» Task to complete:
The answer should be every line below, repeated exactly, with the images left out.

» Collected material:
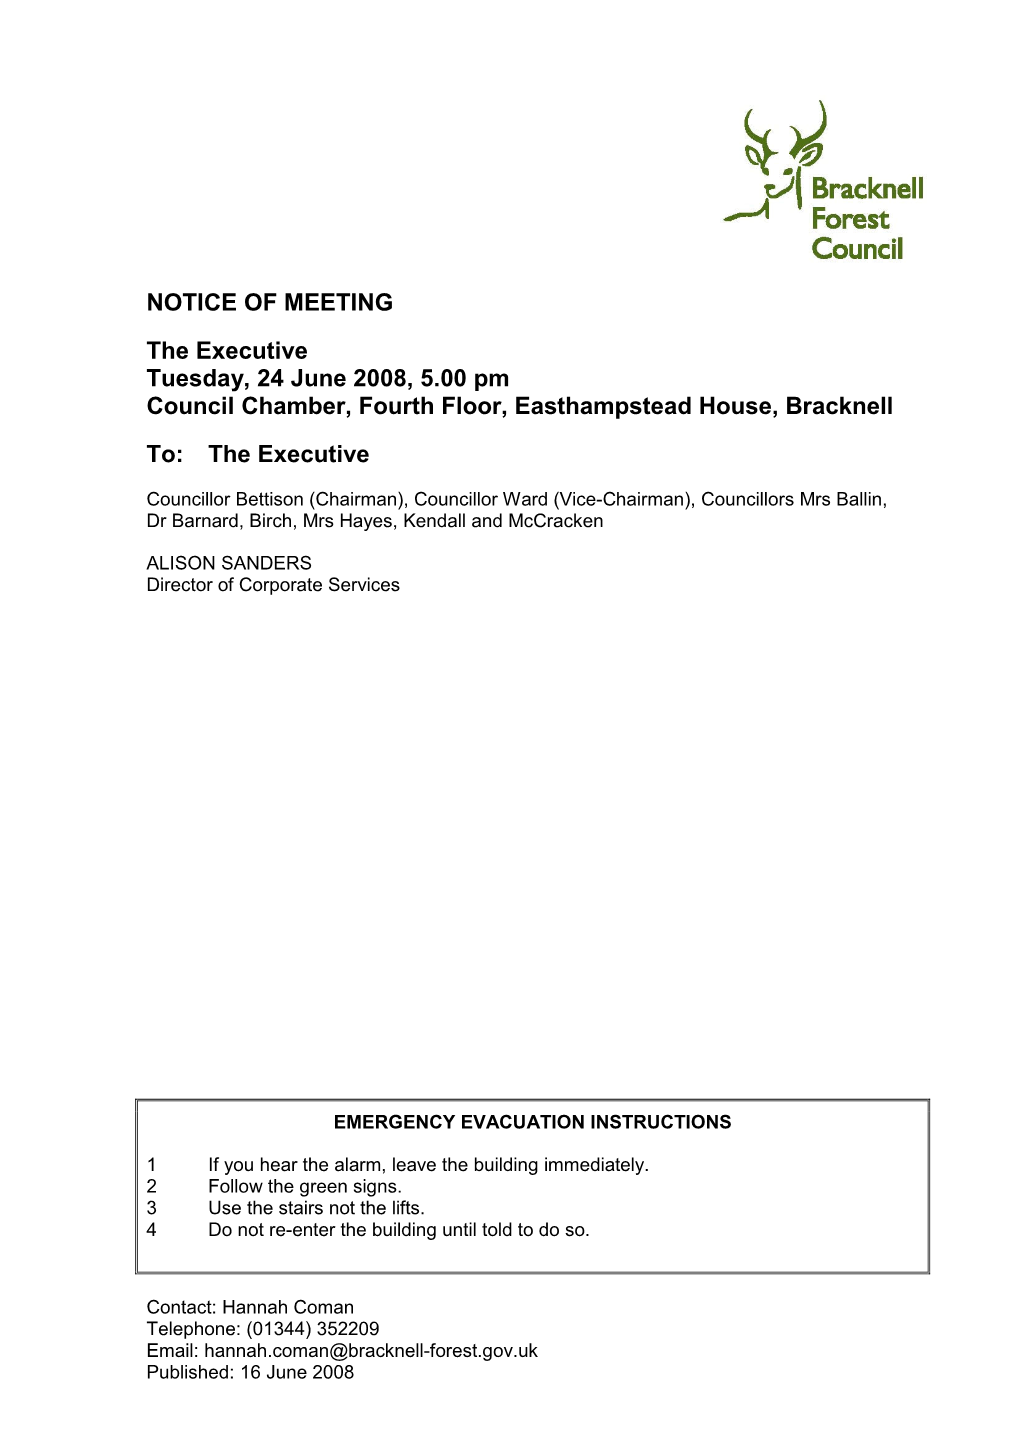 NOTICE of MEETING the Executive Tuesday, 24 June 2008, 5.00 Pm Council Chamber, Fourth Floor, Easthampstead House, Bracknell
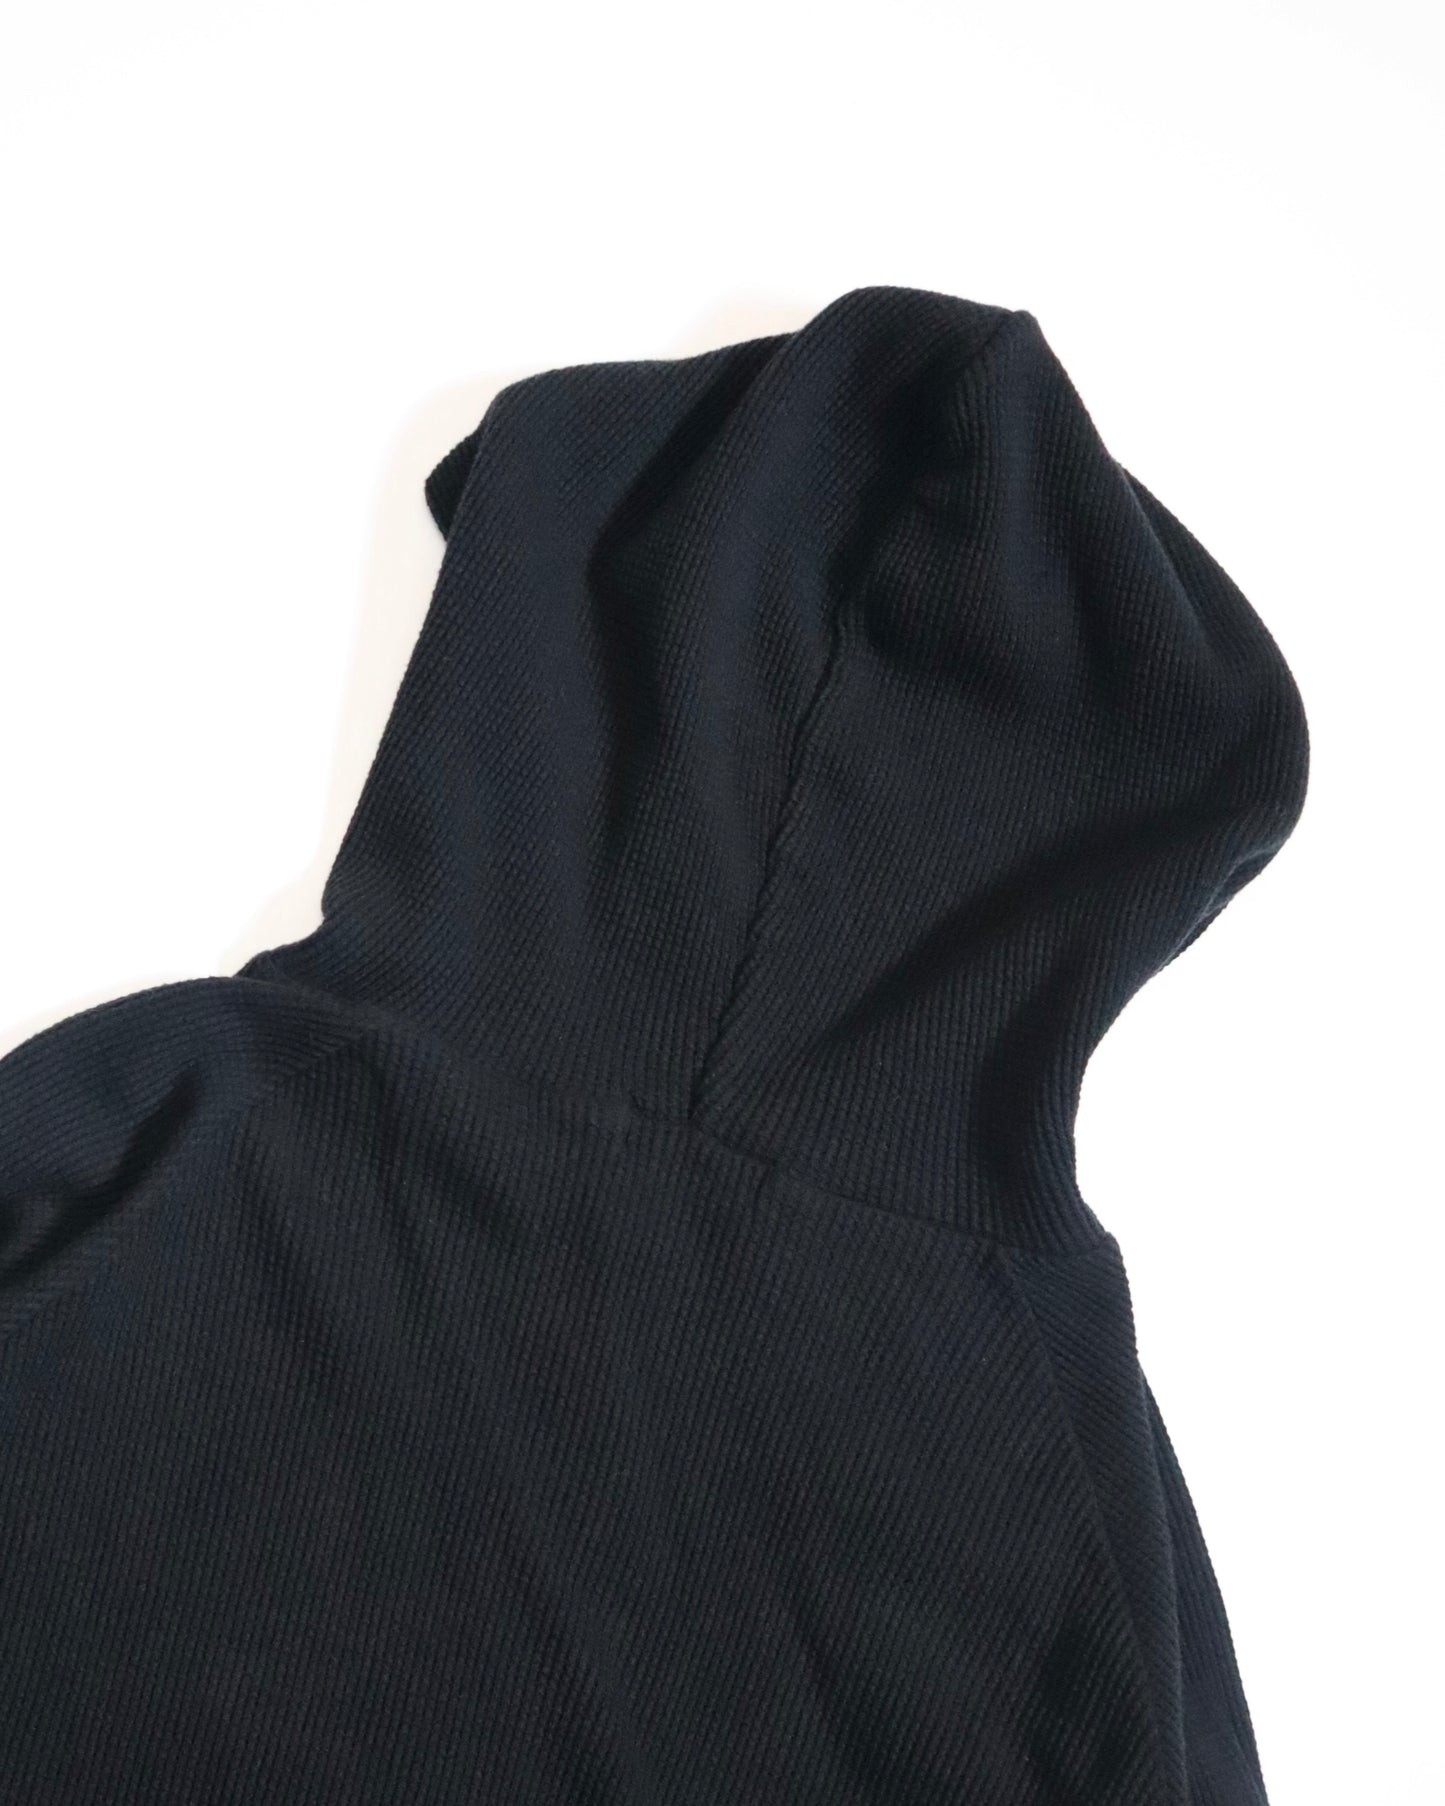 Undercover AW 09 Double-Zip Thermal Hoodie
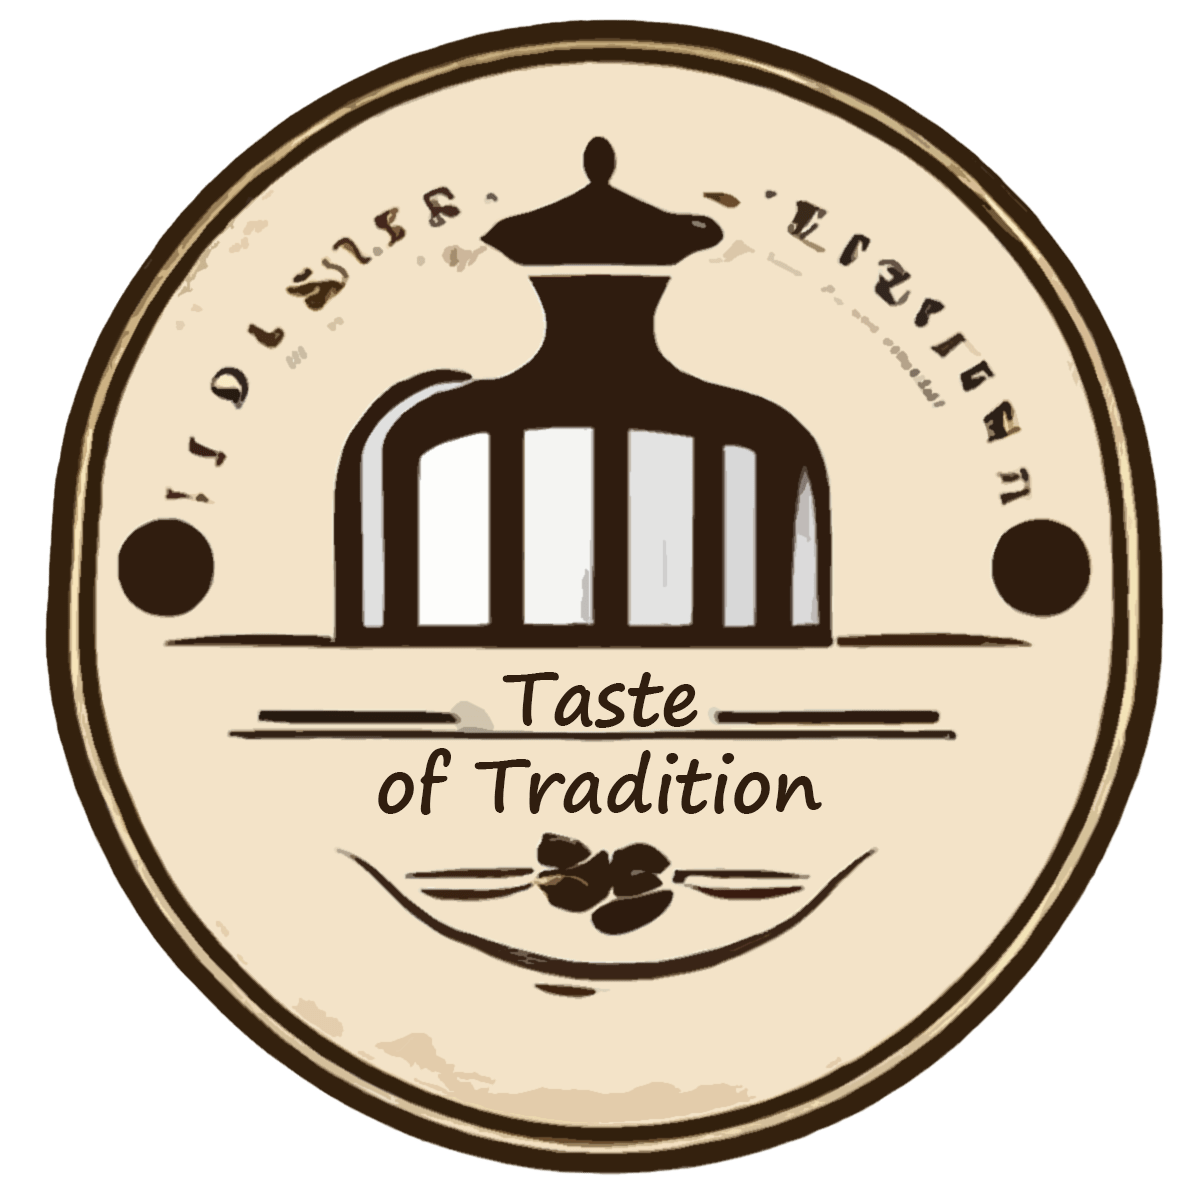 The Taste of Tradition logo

» Answer area:
 NOTICE of MEETING the Executive Tuesday, 24 June 2008, 5.00 Pm Council Chamber, Fourth Floor, Easthampstead House, Bracknell
 Undercover AW 09 Double-Zip Thermal Hoodie
 The Taste of Tradition logo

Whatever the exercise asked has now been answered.